February 3, 2020
Part 1: Pretreatment of metallic surfaces, degreasing and cleaning parts
Various choices are available for effective surface cleaning of parts, degreasing and proper surface preparation.
Pretreatment of parts ensures multiple advantages. It strengthens the adhesion between the metal surface and the coating. It improves optics and longevity of the treated surface by ensuring a uniform surface with enhanced corrosion resistance.
Selection of cleaning process as well as equipment depends upon the following:
- Particulars of the parts to be cleaned for pretreatment, such as material composition, geometrical shape of parts, dimensions as well as size,
- Types of debris, dirt and adherent contaminants such as hard water deposits, drawing compounds, grease and lube oils, synthetic oils, rolling oils, mill scale, rust and welding debris,
- Stage of processing i.e. pretreatment cleaning, intermediate or final cleaning after coating/plating/anodizing,
- Type of final surface treatment such as anodizing, plating, or coating/painting,
- Overall throughput volume of the process (cleaning and surface treatment processes) on weight/volume per minute/hour basis.
As a part of pretreatment, cleaning parts can be accomplished by mechanical methods and chemical cleaning processes and often a combination of chemical and mechanical processes.
Mechanical methods of cleaning include the following.
- Abrasive blasting removes mill scale, rust and welding debris adhering to metallic surfaces. The grit made up of hard material such as sand is used for abrasive blast cleaning; fine grit is blasted on the metallic surface to be cleaned with the help of compressed air.
- Blast cleaned parts are burnished, buffed or further cleaned by grinding.
- However, because blast cleaning process cannot remove oily contaminants, the saponification process is used, during which alkali is added to react with oil and grease, to produce soap that can be easily cleaned by water rinsing. Complexors, used as cleaning agents, create bonds with contaminants adhering to the substrate, and facilitate their debonding from the surface to be cleaned. Thus complexors help remove contaminants from the parts to be cleaned.
- Wetting agents, which are used to break the contaminants’ bond with the substrate, help clean the tightly adhering contaminants. As they are attracted to the metallic substrate, they manage to go under the contaminant layer and enable its removal.
Chemical treatment methods involve
- Using solutions that emulsify contaminants, resulting in the uniform dispersion of contaminant present on the surface of the parts, as well as
- Use of solvents that can dissolve the contaminants, leaving the parts with clean surfaces.

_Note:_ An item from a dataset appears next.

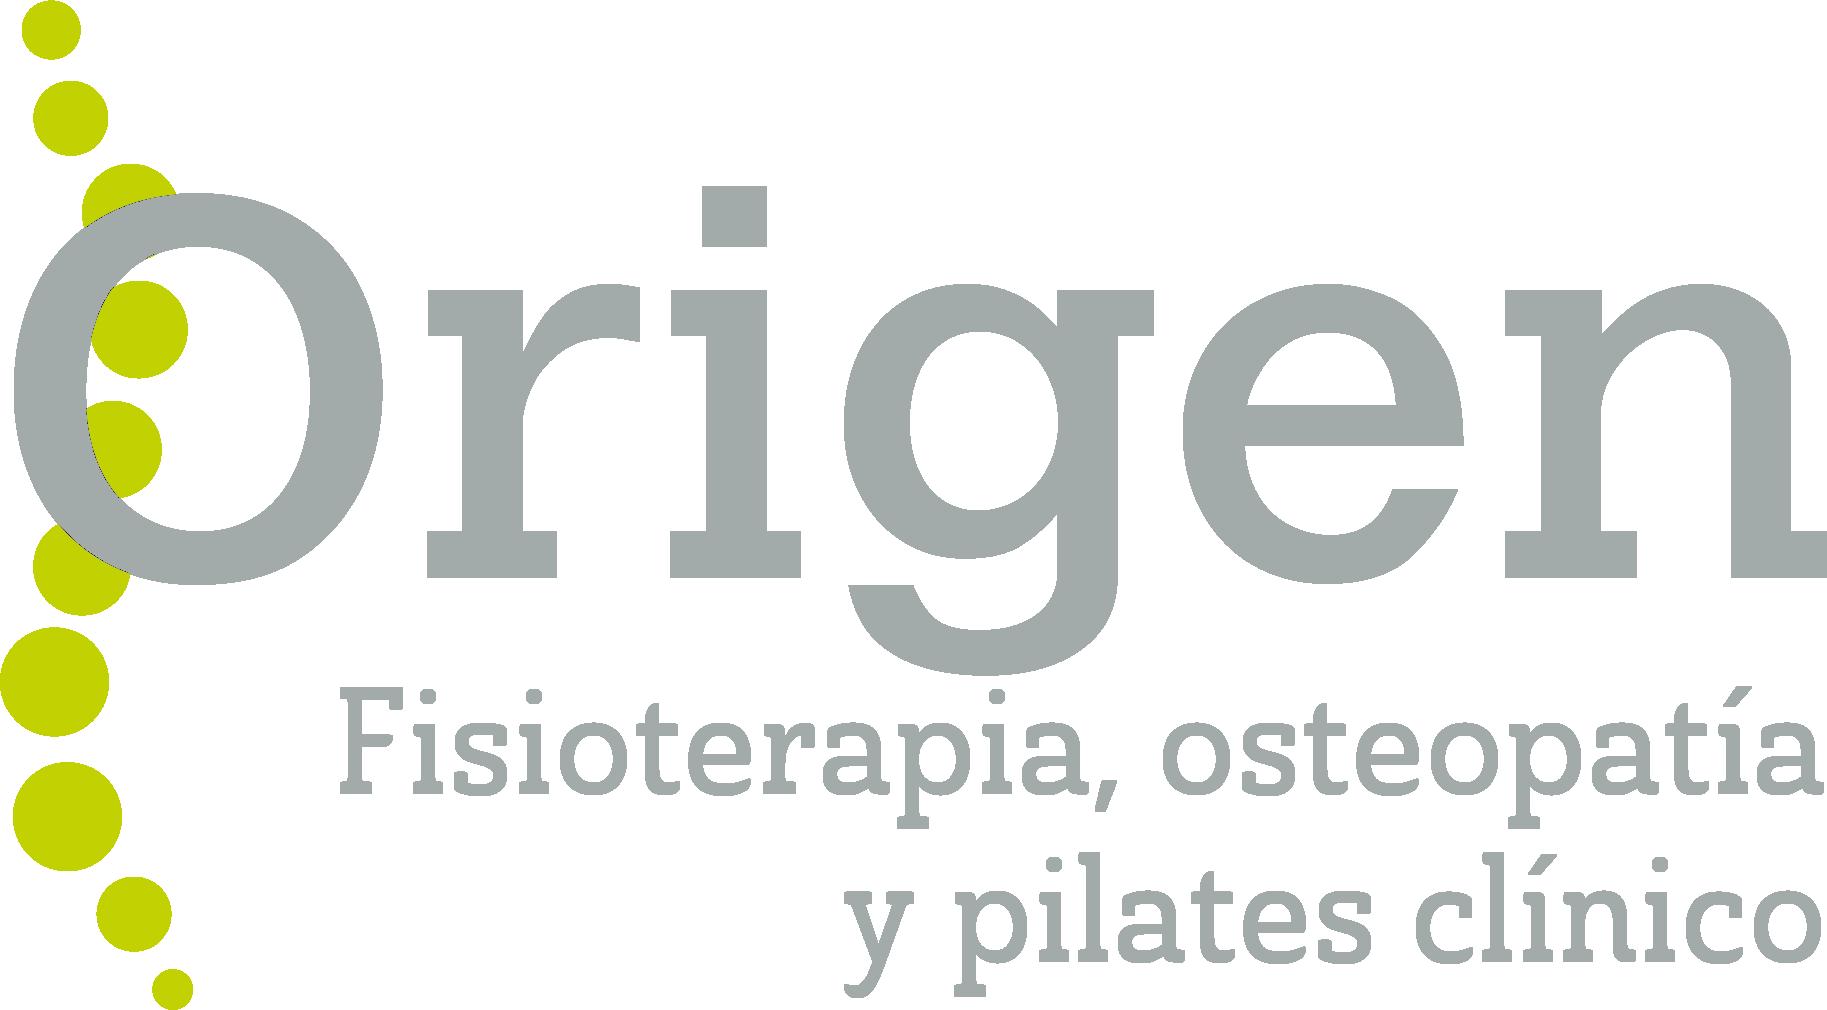 FisioterapiaOrigen

Combined cleansing methods
These combination methods include combined chemical processes as well as mechanical methods such as
- Using variable pressure sprayers of solutions that force the contaminants out from the surface as well as clean the surfaces chemically,
- Using pressure sprays with spiral sprays and brushes in a rotary motion to remove contaminants
- Immersing parts in chemicals ( cleansing solutions) and use of abrasive brushes to clean out the adherent contaminants
- Chemical cleaning solutions forming slurries with hard abrasive material are used to clean parts. The deflocculating process on the other hand, breaks the contaminant into very tiny particles, which will later get washed.
- Chemical solutions, flowing in a turbulent pattern in turbo-cleaner machines, help remove contaminants from parts.
- In Ultrasonic cleaning, the parts to be cleaned remain in suspension in a chemical cleaning solution. The ultrasonic agitation of the liquid solution causes the formation of tiny bubbles that dislodge adherent contaminants.
Potential cleaning issues include improper surface cleanliness due to inadequate mechanical force in cleaning, insufficient pressure in spray equipment, or contaminated chemical solutions. Special precautions should be taken to avoid such issues.